We got a cute backsack that was Pirates..... We have a ton of points now and are waiting for something we want.

I also just learned you can send in your stubs to get points and did last week from the Hannah Montana movie


----------



## weHEARTmickey

chicagoshannon said:


> yeah the items change.  I was going to get something for dd but when I went to get it they changed the items.
> 
> *I'd be happy if they put more things that weren't movie posters on there*.



I feel the same way! We save up & then the item disappears when we're ready to cash in. And they do have WAY too many posters. I have a feeling these might be the same type of posters that our theaters give away for FREE after the movie has run its course! _(I know the lithographs are different, but I don't want those either!)_


----------



## BellesFavoriteBook

I just redeemed for the Every Tree Has Character 2 Bag set (glad to see SOMETHING new!).   The luggage tags are unavailable right now (and have been unavailable for awhile).      And I had really wanted those for my trip, too.


----------



## disneylover3<3

Has anyone got the Mary poppins  kids umbrella ? I redeemed it !!!!


----------



## littlestix

I have 15,000 now and am thinking of redeeming for the private meet and greet.

Has anyone gotten this??


----------



## Stitch's O'hana

Right now I have 8,300 points and I need 11,500 points for what I really want!  I just hope I can get enough points for what I want, before it's all over!  I hope they extend it!


----------



## weHEARTmickey

littlestix said:


> I have 15,000 now and am thinking of redeeming for the private meet and greet. Has anyone gotten this??





Stitch's O'hana said:


> Right now I have 8,300 points and I need 11,500 points for what I really want!  I just hope I can get enough points for what I want, before it's all over!  I hope they extend it!



WOW! You two must have a movie store at home!


----------



## Stitch's O'hana

weHEARTmickey said:


> WOW! You two must have a movie store at home!



Yep, I do! LOL  But then some of the codes I got I traded other codes to get the ones I did not have yet.  And then some codes I got from friends, that did not want them.  Also I have been saving my ticket stubs, from when I go and see a Disney movie and then send them in too.  The points sure add up fast  I just hope I can get enough to get what I want before it's to late!


----------



## grace&philipsmom

littlestix said:


> I have 15,000 now and am thinking of redeeming for the private meet and greet.
> 
> Has anyone gotten this??



That is what I have been saving for.  It is taking FOREVER!!!!!!!  I only have 6750 points so far.   If you get it let us know how it goes .


----------



## weHEARTmickey

Stitch's O'hana said:


> Yep, I do!
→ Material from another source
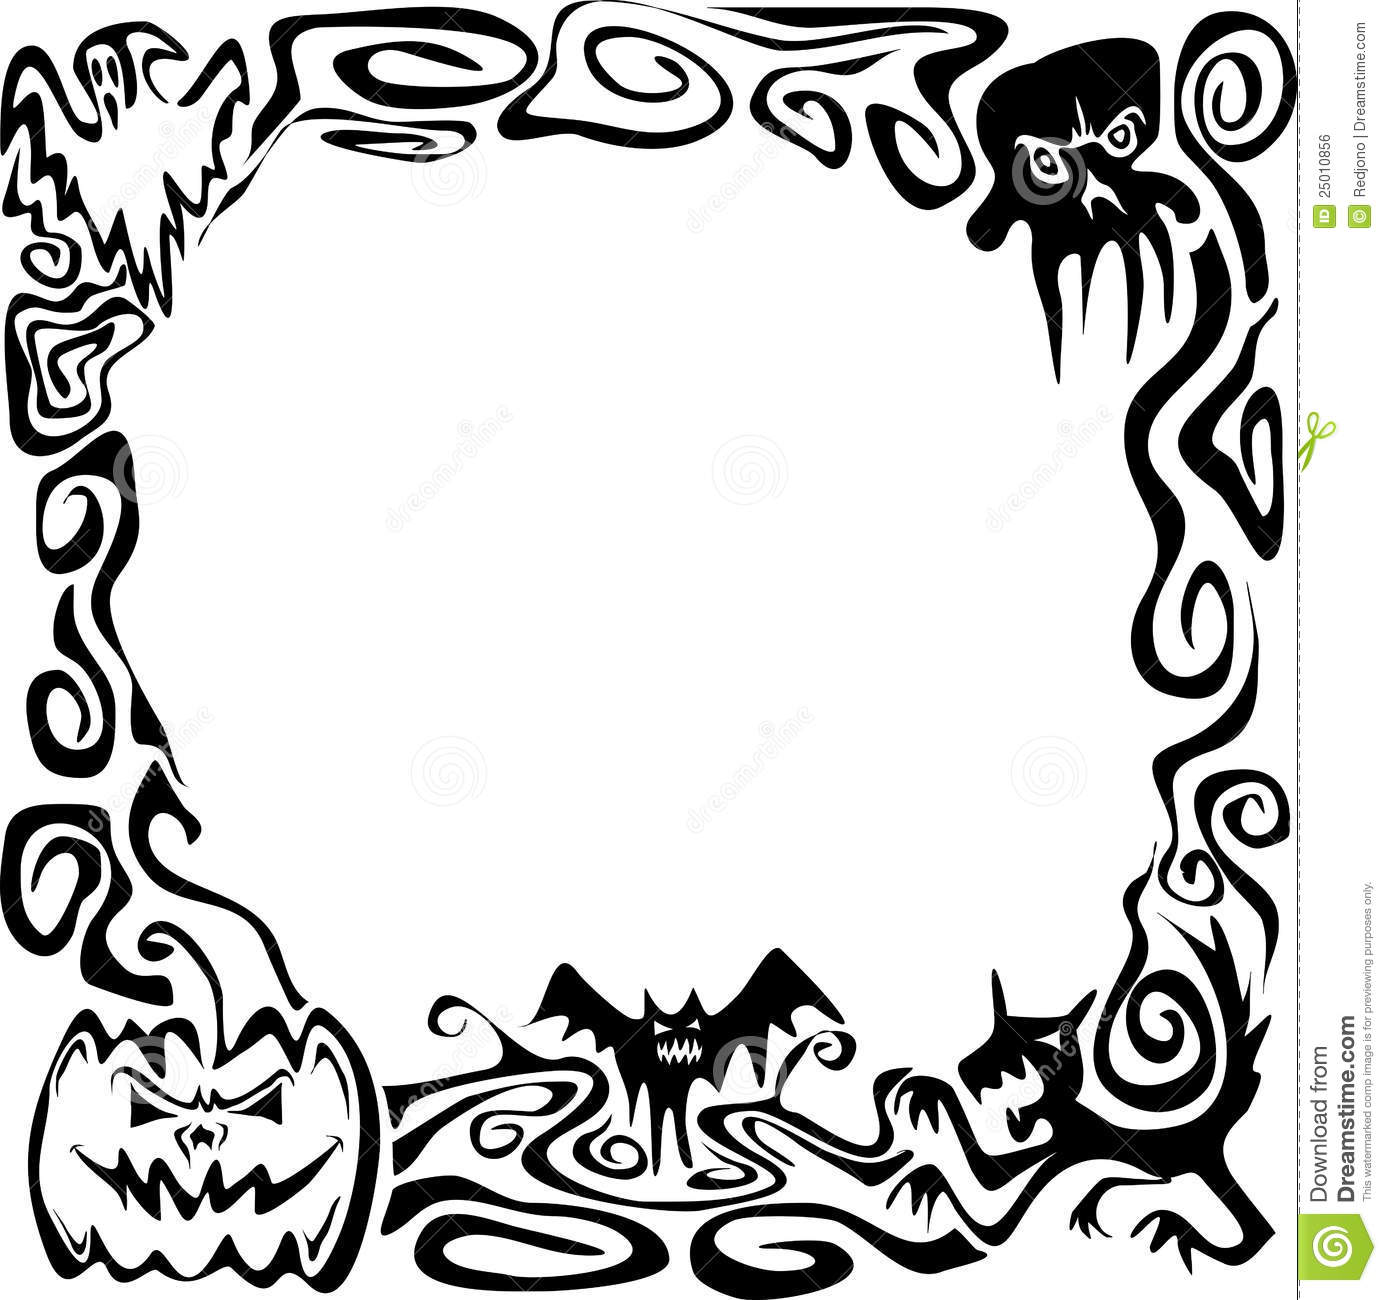 Black And White Halloween Border Clip Art   Clipart Panda   Free

LOL  But then some of the codes I got I traded other codes to get the ones I did not have yet.  And then some codes I got from friends, that did not want them.  Also I have been saving my ticket stubs, from when I go and see a Disney movie and then send them in too.  The points sure add up fast  I just hope I can get enough to get what I want before it's to late!



I forget about those! I need to send in our Hannah Montana tickets. _(I have 5 from a slumber party.)_   What KILLS me is that DD went to see 3D Jonas Bros with a friend a while back & they threw the tickets away!!!! _ (That would've been 4 tix to turn in.) _

Will they accept ANY Disney movie tix, or just certain "featured" ones?


----------



## BellesFavoriteBook

I think its only currently playing Disney movies.  You can't submit a ticket from like 3 years ago.

If I only see a movie once, I don't submit the tickets.


----------



## weHEARTmickey

BellesFavoriteBook said:


> I think its only currently playing Disney movies.  You can't submit a ticket from like 3 years ago.
> 
> *If I only see a movie once, I don't submit the tickets*.



Just wondering...why not?


----------



## BellesFavoriteBook

weHEARTmickey said:


> Just wondering...why not?



I like to keep them and put them in the DVD/Blu Ray case if I purchase the movie.  e.g.  Bedtime Stories and Bolt movie cases have my ticket stubs inside the case where the leaflet is.    

I saw National Treasure 2 twice so I submitted the tickets from the 2nd time. 

My redemptions "shipped" today!  Hopefully I'll have my Every Tree has Character bags before I go on my trip.


----------



## weHEARTmickey

BellesFavoriteBook said:


> I like to keep them and put them in the DVD/Blu Ray case if I purchase the movie.  e.g.  Bedtime Stories and Bolt movie cases have my ticket stubs inside the case where the leaflet is.
> 
> I saw National Treasure 2 twice so I submitted the tickets from the 2nd time.
> 
> My redemptions "shipped" today!  Hopefully I'll have my Every Tree has Character bags before I go on my trip.



Neat idea.  Thanks for easing my curiosity!


----------



## Monny2AE

BellesFavoriteBook said:


> I just redeemed for the Every Tree Has Character 2 Bag set (glad to see SOMETHING new!).   The luggage tags are unavailable right now (and have been unavailable for awhile).      And I had really wanted those for my trip, too.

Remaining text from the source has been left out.